Secrest ended her campaign nearly $4,200 in the red. When a campaign ends up in debt after an election, it is generally up to the candidate to pay her vendors and employees, who have the right to pursue the former candidate in court if she fails to do so. In 2011, city council candidate Bobby Forch, who ran unsuccessfully against former council member Jean Godden, ended his campaign with $61,000 in debt, most of it—more than $48,000—to his former campaign consultant John Wyble. Wyble and Forch worked out a payment plan. If a campaign does not work out a way to pay its vendors, after 90 days, the amount they are owed turns into a contribution. For example, the $1,675 the Ethics and Elections Commission says Secrest owes Burke would become a $1,675 contribution, and since that amount is over the $250 individual contribution limit, the commission could launch an investigation into the campaign. However, the most the commission could do is fine Secrest—a solution that wouldn’t help ex-employees who are owed money like Burke. And Secrest is potentially in much more trouble now, anyway.

Secrest, for her part, says Burke “has been paid for all services performed before the date of his termination,” adding, “Washington is an at-will employment state, meaning an employer does not need cause to fire an employee.  In this matter, we repeatedly informed Patrick that we could not afford to keep him on staff. We clearly told him to stop working for pay, and we repeatedly told him that we will reach out once funds were available.” She sent her own screenshot of what she says is a text message exchange between her and Burke, in which she apologized that “we didn’t get fundraising in or qualified to pay you. You are a rockstar. As soon as I can pay staff I’ll reach out.”

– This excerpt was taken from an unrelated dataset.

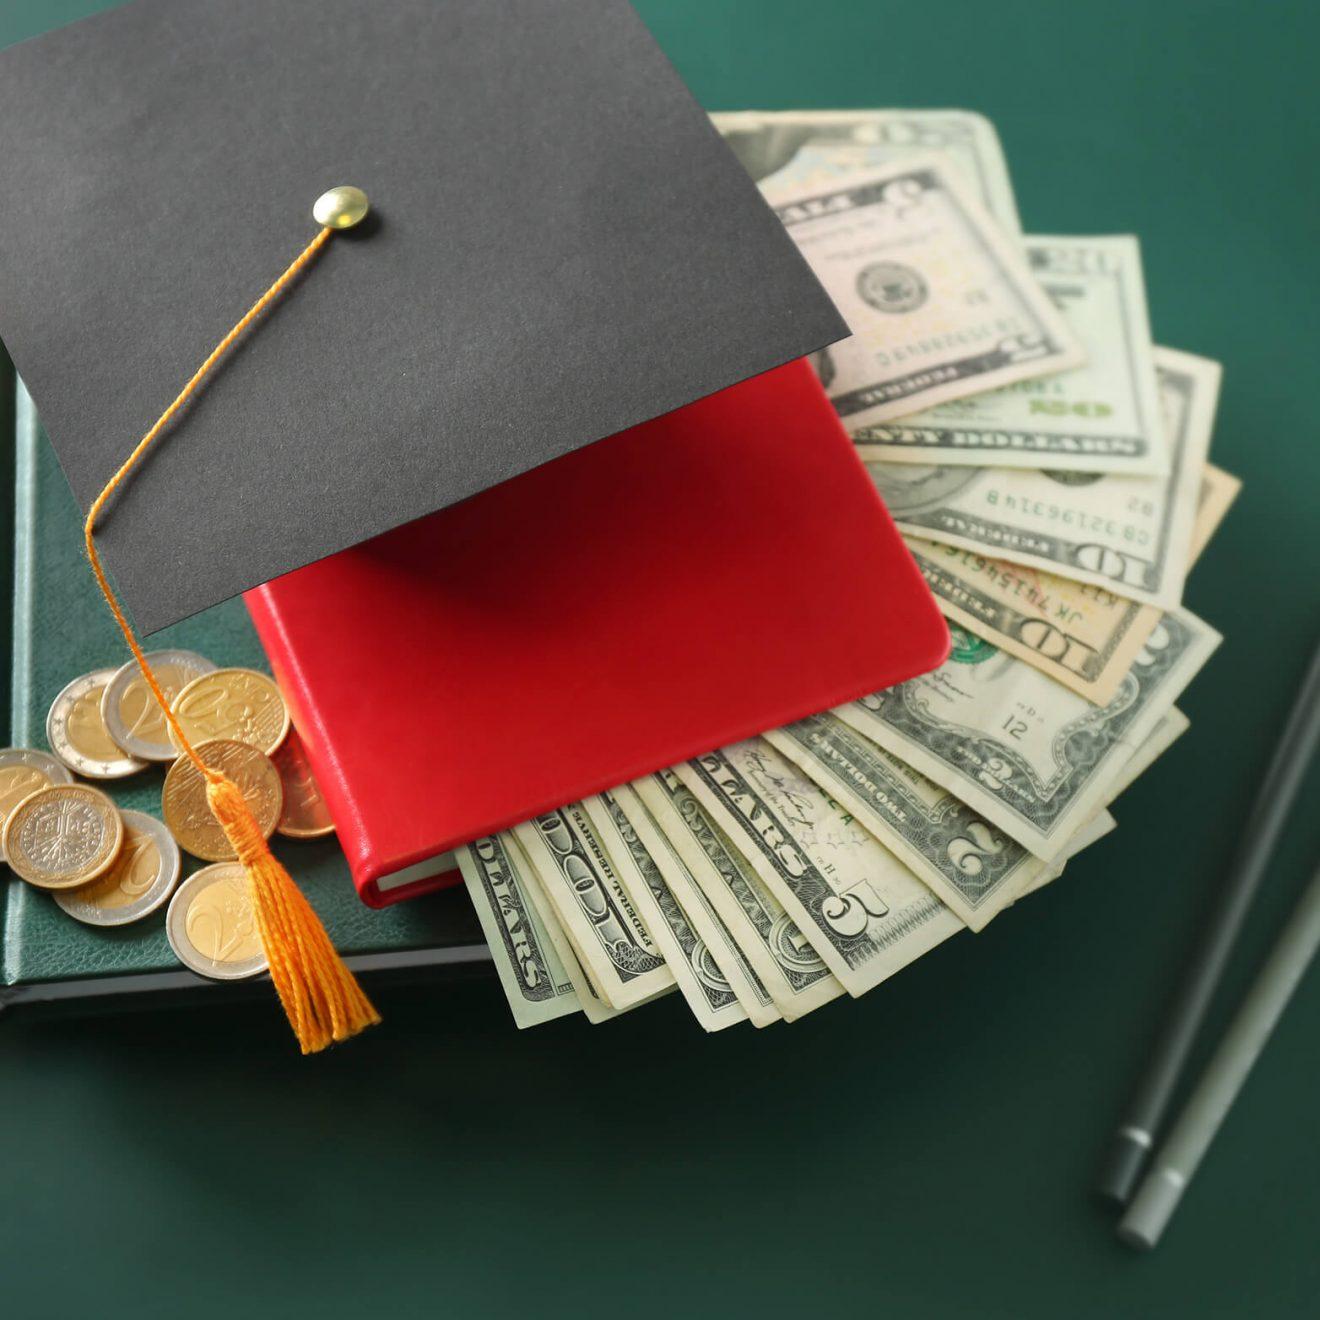 Ley 37, deducción de gastos escolares

3. Legislation currently moving through the state House, sponsored by Rep. Jake Fey (D-27), would broaden and extend the current sales tax exemption on electric vehicles, which was set to expire this year, until 2021 and would require all revenues that the state will lose because of the exemption come from the multimodal fund, which is supposed to fund walking, biking, and transit projects. Over three years, the bill report estimates, the tax exemption will cost the multimodal fund $17.65 million.

Electric-car proponents, including Gov. Jay Inslee and Seattle Mayor Jenny Durkan (who announced a number of new electric-vehicle charging stations this week), argue that electric vehicles are a major part of the solution to climate change. “Seattle will continue to lead on climate action and green energy innovation,” Durkan said in announcing the new charging ports this week.

But all the gee-whiz enthusiasm in the world won’t erase the fact that cars, even electric ones, enable sprawl, and sprawl is what destroys forests and farmland, causes congestion, paves over habitat, contributes to sedentary and unhealthy lifestyles, and is in every conceivable way anathema to a sustainable climate future. What we need are not technological quick fixes like electric cars and carbon sequestration, but large-scale solutions like urban densification and taxes on suburban sprawl. Standing next to shiny new Teslas is easy. Standing up for long-term solutions to the root causes of climate change is harder.

3. The city council-appointed Progressive Revenue Task Force met for the third time Wednesday, seeming no closer to finding any viable alternatives to the employee hours tax rejected by the city council last year than they were a month ago. (Perhaps that’s because they are ultimately going to propose… passing the employee hours tax rejected by the city council last year.) The meeting was taken up largely by a review of potential municipal revenue sources proposed by the progressive Center for American Progress in a 2014 report, most of which, staffers noted, were either already in place or unworkable in Seattle or Washington State.

The meeting did include a lively discussion about the cost of building housing for unhoused Seattle residents, and a mini-debate over which shelter clients will be prioritized for housing, given that there simply isn’t enough housing for everyone entering the city’s shelter system. “Basic” shelter, the task force learned, costs an average of $5,597 per bed, per year; “enhanced” shelter, which tends to be open longer hours and offer more services and case management, costs $14,873 per bed. (Advocates from SHARE/WHEEL, which lost funding from the Human Services Department during last year’s competitive bidding process, were quick to point out that their bare-bones mats-on-a-floor model costs much less than the average basic shelter).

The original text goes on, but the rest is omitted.